The authors of the article demonstrated the acceleration of learning by freezing the layers without losing the accuracy of the prediction.

#### What does layer freezing mean?

Freezing the layer prevents changes in the weights of the layer during training. This technique is often used in transfer learning, when a base model trained on another dataset is frozen.

#### How does freezing affect model speed?

If you do not want to change the weight coefficients of a layer, the backward passage through this layer can be completely eliminated. This seriously speeds up the computation process. For example, if half of the layers in your model are frozen, you will need half the calculation to train the model.

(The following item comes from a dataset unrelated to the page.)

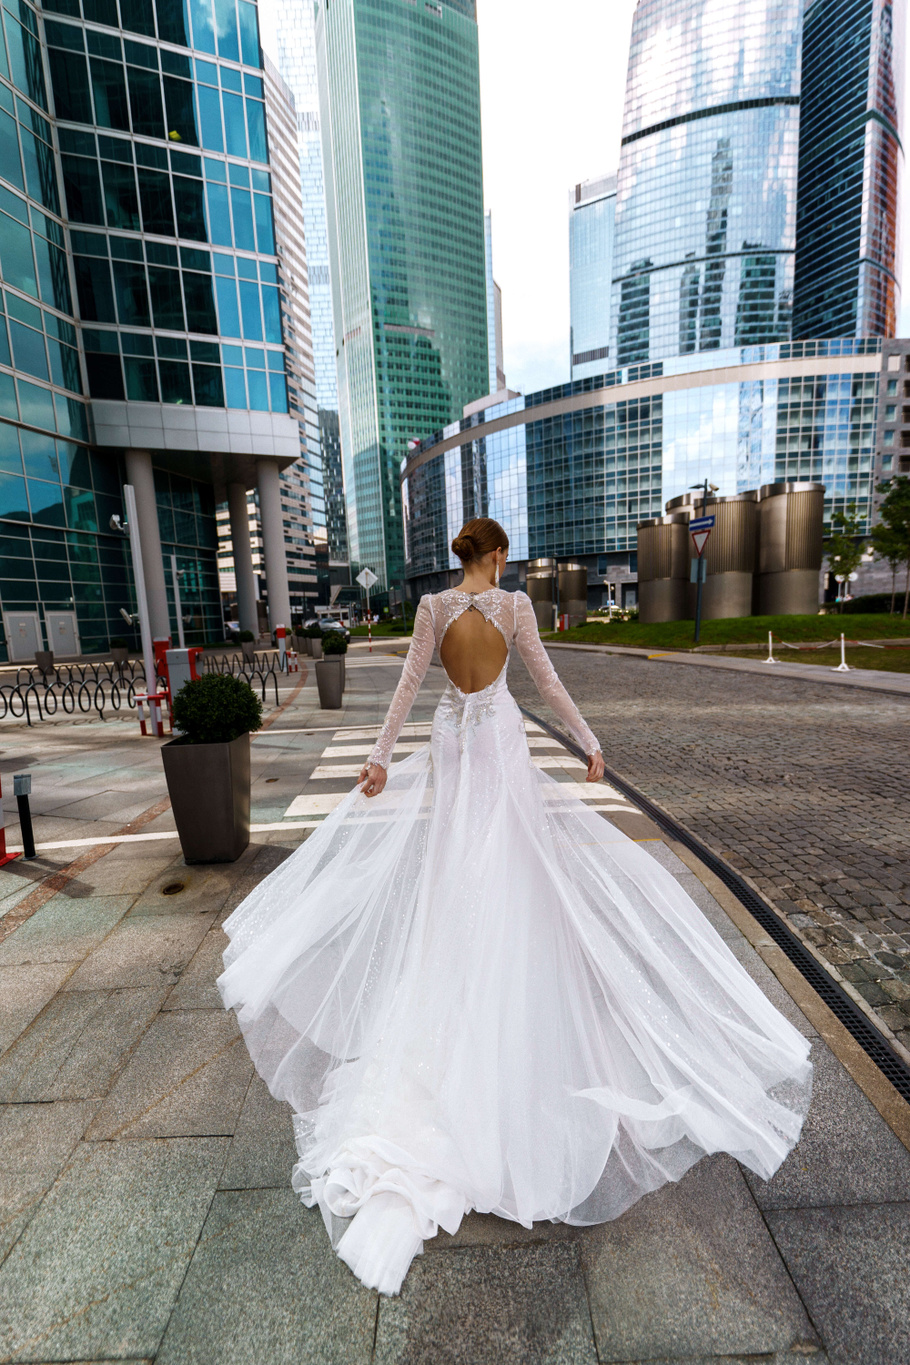 Купить свадебное платье «Нортон» Рара Авис из коллекции О Май Брайд 2021 года в интернет-магазине

On the other hand, you still need to train the model, so if you freeze the layers too early, the model will give inaccurate predictions.

#### What is the novelty?

The authors showed a way to freeze layers one by one as early as possible, optimizing training time by eliminating back passages. In the beginning, the model is fully trained, as usual. After several iterations, the first layer of the model is frozen, and the remaining layers continue to be trained. After a few more iterations, the next layer is frozen, and so on.

#### (Again) annealing training speed

The authors used annealing training rates. An important difference between their approach: the learning rate varies

**from layer to layer**, and not for the entire model. They used the following expression:

Here, alpha is the learning speed, t is the iteration number, i is the layer number in the model.

Please note, since the first layer of the model will be frozen first, its training will last the least number of cycles. To compensate for this, the authors scaled the initial learning coefficient for each layer:

As a result, the authors achieved an acceleration of learning by 20% due to a drop in accuracy of 3%, or acceleration by 15%

**without reducing the accuracy of the**prediction.

However, the proposed method does not work very well with models that do not use layer skips (such as VGG-16). In such networks, neither acceleration nor influence on the accuracy of prediction were found.